A few believed that they could not deny the validity of their past experience without sinning against the Holy Spirit. Their past experience was so intimately bound up with their understanding of the parable of the ten virgins that they thought that holding to God's leading in the movement meant holding to a shut door. These became known as the "shut-door" Adventists.

But there were tensions within the shut-door group. They held several views regarding those who were now excluded from salvation. Some, like Joseph Turner, insisted that probation had closed for all but those already in the Adventist ark. Others, including the pioneers of Seventh-day Adventism, modified this extreme shut-door concept over a period of nearly ten years. At first they confined their witnessing to other Adventists. Then they suggested that the door was not shut to those under the age of accountability on October 22. Later they proposed that it was not shut to those who had not been presented with the light. Later still, they included "honest souls" in the fallen churches and even in the world. There is quite clear evidence that they did not talk about converting sinners or prosecuting a mission to "the wicked world" until well into the 1850's. The pioneers of Seventh-day Adventism, however, never relinquished the idea that God had shut the door on all who had rejected the October 22 date. This date was a "test," they said, and all who refused to accept it were rejected of God. The churches which rejected the test of the October 22 date became Babylon.

But the uncertainty regarding who might still be saved was not the only cause of tension among the shut-door Adventists. They had problems with fanaticism. By their open-door opponents they were all called fanatics. Some shut-door Adventists advocated such ridiculous things as no work, spiritual wifery and creeping on the floor. The pioneers of Seventh-day Adventism, initially comprising a tiny band of about a dozen individuals, opposed these excesses, but they embraced things which appeared to place them with the fanatics. Among these were the visions of Ellen Harmon, feet washing, holy kissing and Sabbath keeping. To the outsider all the shut-door Adventists were raving fanatics. If some of these Adventists opposed the fanaticism of their brethren, it was simply regarded as fanatics denouncing fanatics. All were shut-door believers. This was seen as the ultimate delusion which bound all the fanatics together.

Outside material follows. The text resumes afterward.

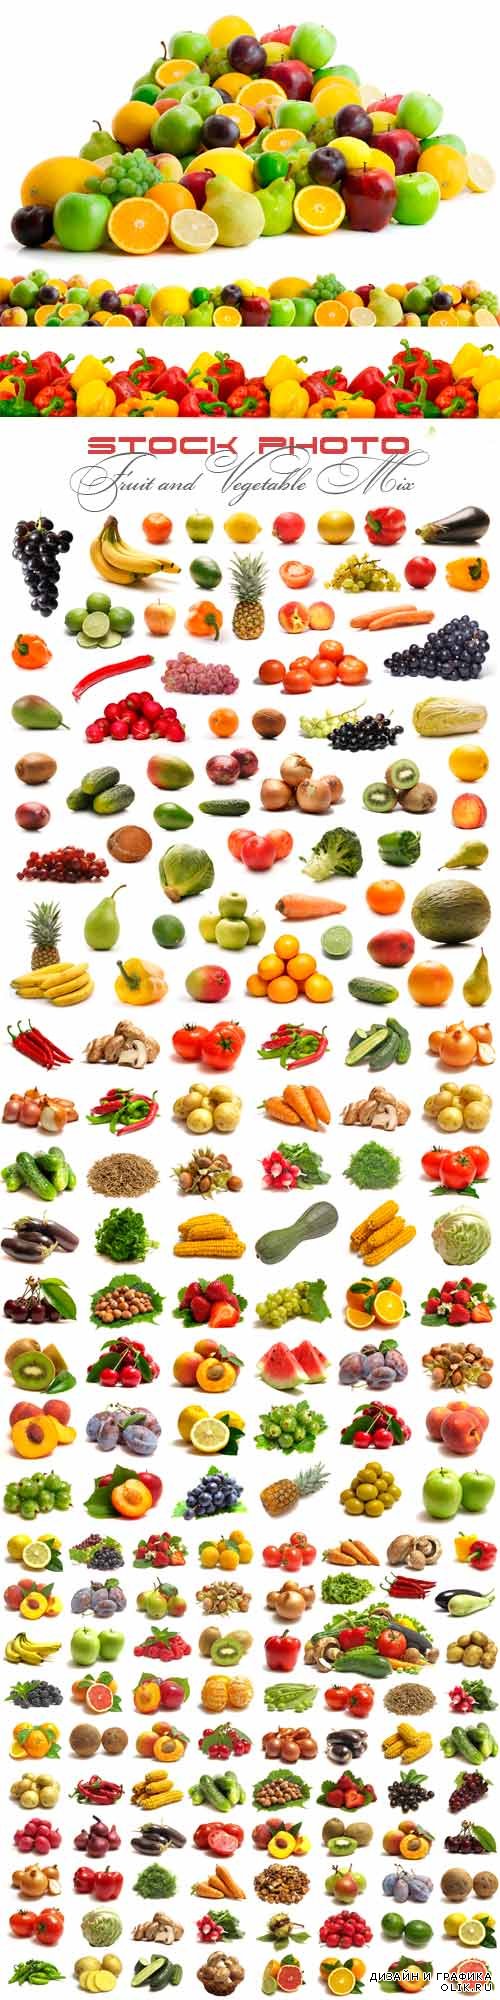 Сочный фруктово овощной микс

Some weeks after the Albany Conference in 1845, William Miller and Joshua V. Himes visited the Adventists in the Portland, Maine, area in order to help them. (This was Ellen Harmon territory.2) But the Albany Conference was anathema to the shut-door believers. To them it seemed that open-door Adventists had renounced their Advent experience. Himes reported on the condition of the shut-door believers in the Morning Watch of June 12, 1845, as follows:

There is another class in the city, who hold no public meetings. They have, and still hold to the view, that the door is shut, and that we have nothing more to do with, or for the world. They, with others, have been looking for the Advent with deep interest, at different periods, for the last few months. But all the specific times to which they looked, now being past, they, of course, must look every day. We would accord to them honesty and sincerity, in time past, in adopting and carrying out their views. They were then afraid to reject any message, that had the semblance of truth, lest they should offend God, and incur his displeasure.

We visited them just after the 10th of the 7th month. We found that they had carried out their faith, as we then understood it, in works worthy of the followers of Christ. We advised them to make provision for the destitute, and that all who had, or could obtain employment, should enter upon their work, and faithfully attend to all their duties as formerly; but, at the same time, that they should heed the admonition of the Savior, Luke 2 1:34-36.

Soon after this, as we learn, Bro. J. Turner, and others, took the ground, that we were in the great Sabbath—that the 6000 years had ended—consequently, no Adventist should perform any more manual labor. To do so, would surely, in their estimation, result in their final destruction. With instructions of this kind, from those in whom they had confidence, and being quite disheartened as to labor in worldly matters, and longing to see their Savior, and have their hope consummated in the kingdom of God, they embraced this new and erroneous view, and acted accordingly. This resulted in strong censure, and condemnation of our sincerely-tendered advice, and also in opposition to the "Herald" and "Watch," and all holding views in common with us.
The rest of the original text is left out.